LAAC-LSCP / ChildProject

Python package for the management of day-long recordings of children.
https://childproject.readthedocs.io
MIT License
13 stars 5 forks source link

[FEATURE] Compute age at the time of the recording #325

Closed MarvinLvn closed 2 years ago

MarvinLvn commented 2 years ago

We currently don't have access to the age information in recordings.csv To compute it, we need 'dob' from children.csv and 'date_iso.csv' from recordings.csv itself. It'd be particularly useful for longitudinal studies :)

Please, ignore this if the feature already exists (in which case, I'm sorry, I missed it).

For Lyon, I did it myself, using:

import pandas as pd
from pathlib import Path
import numpy as np
import datetime as dt

# Read metadata files
metadata_path = Path("/scratch2/mlavechin/Longforms/FR/lyon/metadata")
children = pd.read_csv(metadata_path / 'children.csv')
recordings = pd.read_csv(metadata_path / 'recordings.csv')

# Import the dob column from children.csv and convert dob et child_id to datetime
recordings = recordings.merge(children[['child_id', 'dob']])
recordings.dob = pd.to_datetime(recordings.dob)
recordings.date_iso = pd.to_datetime(recordings.date_iso)

# Compute age in months and remove dob column
recordings['age'] = ((recordings.date_iso - recordings.dob) / np.timedelta64(1, 'M')).astype(int)
recordings.drop('dob',inplace=True, axis=1)

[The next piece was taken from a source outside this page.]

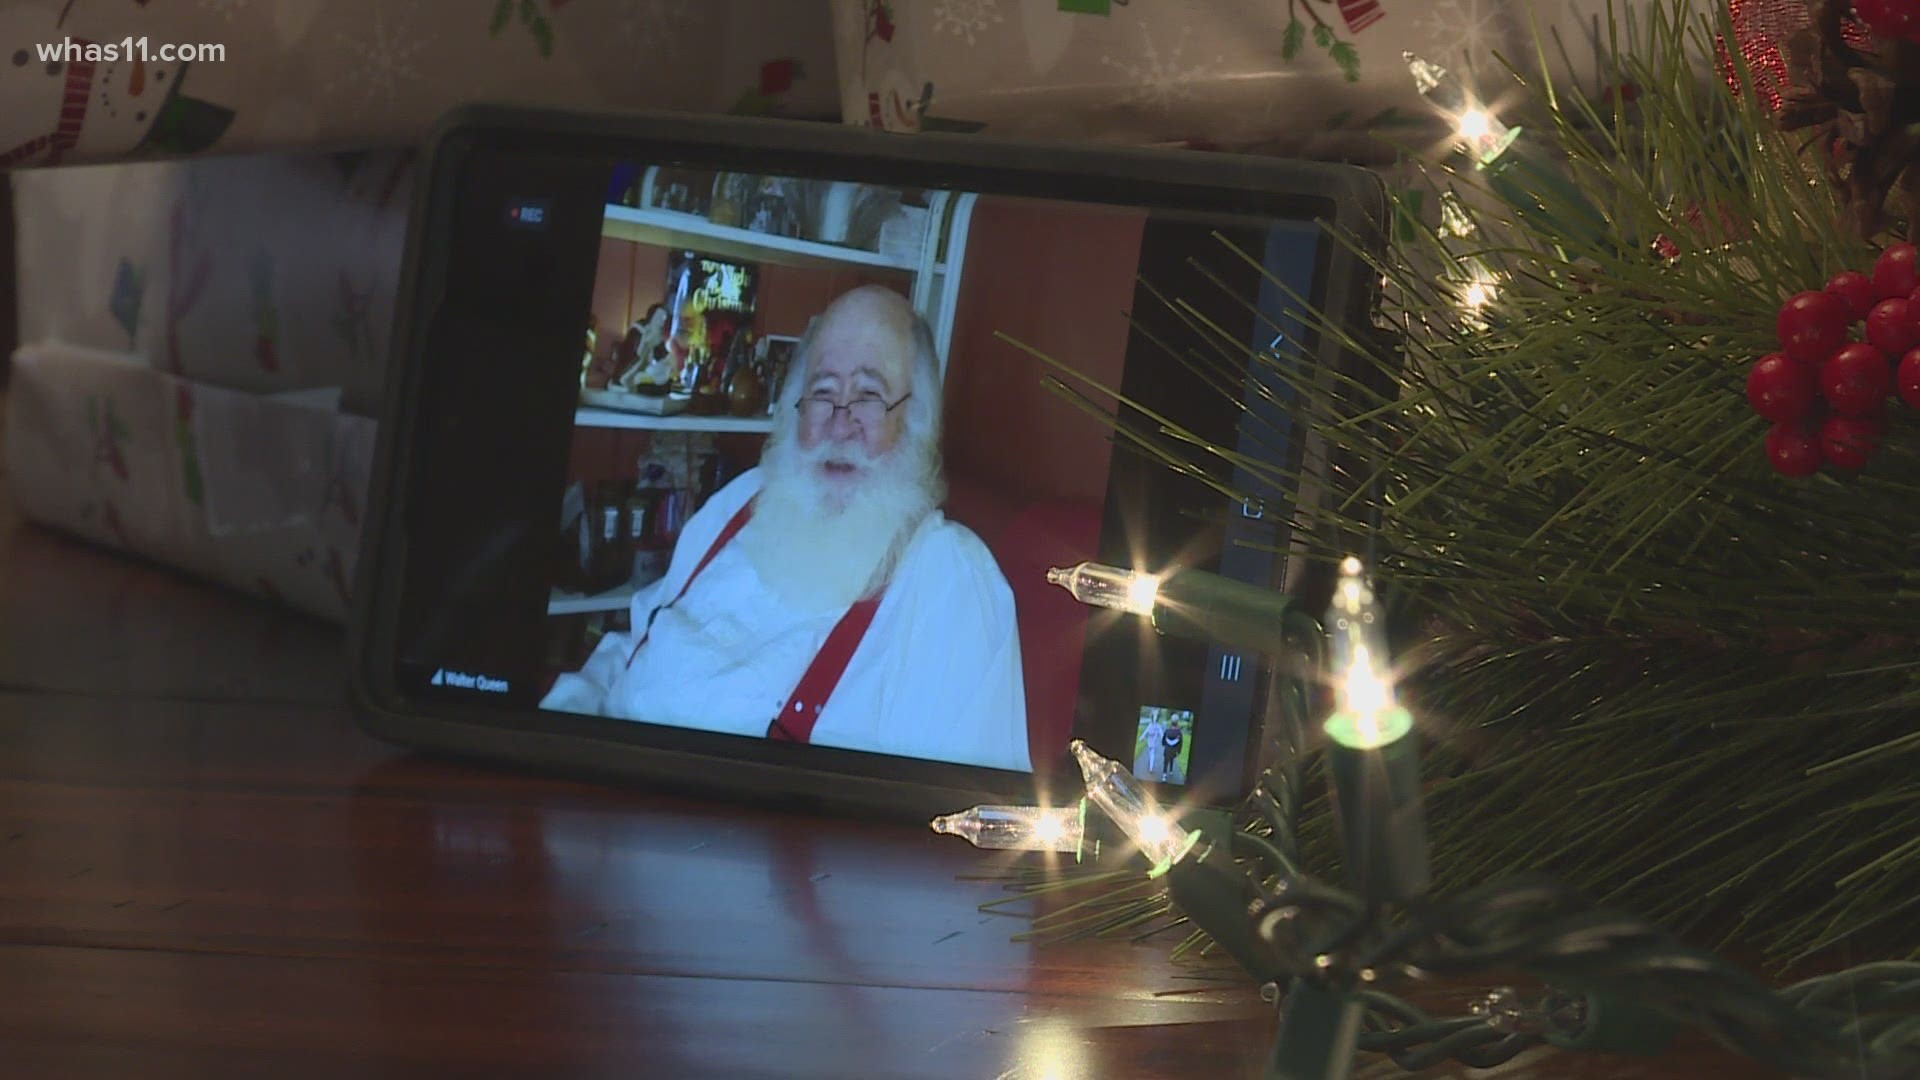 While things will be different in 2020, Santa is still bringing his magic to town - even through Zoom.

EDIT : I also realized that you may not want to go in that direction as the number of features to implement would be virtually infinite *_*

lucasgautheron commented 2 years ago

I think it would make sense to have such a feature.

However, pd.to_datetime will fail for dates that are too far back, e.g. 01/01/1000. You may ask why this is relevant. Well, in EL1000 for instance, some of the dates have been "anonymised" like that. This has the merit to make it obvious that the dates are not the real dates, but instead made up to keep ages consistent while protecting the privacy of the participants. This is solved by using datetime.datetime.strptime instead.

(saying this for whoever wanna implement this)

Regarding the implementation, maybe ChildProject.projects.ChildProject should have a compute_ages method that returns a pd.Series with the computed age.

e.g.

project = ChildProject('.')
project.read()
project.children['age'] = project.compute_ages()

but the function should also accept custom dataframes maybe:

project = ChildProject('.')
project.read()
children = project.children.copy()
recordings = project.recordings.copy()
# work on the dataframes...
# ...
children['age'] = project.compute_ages(children = children, recordings = recordings)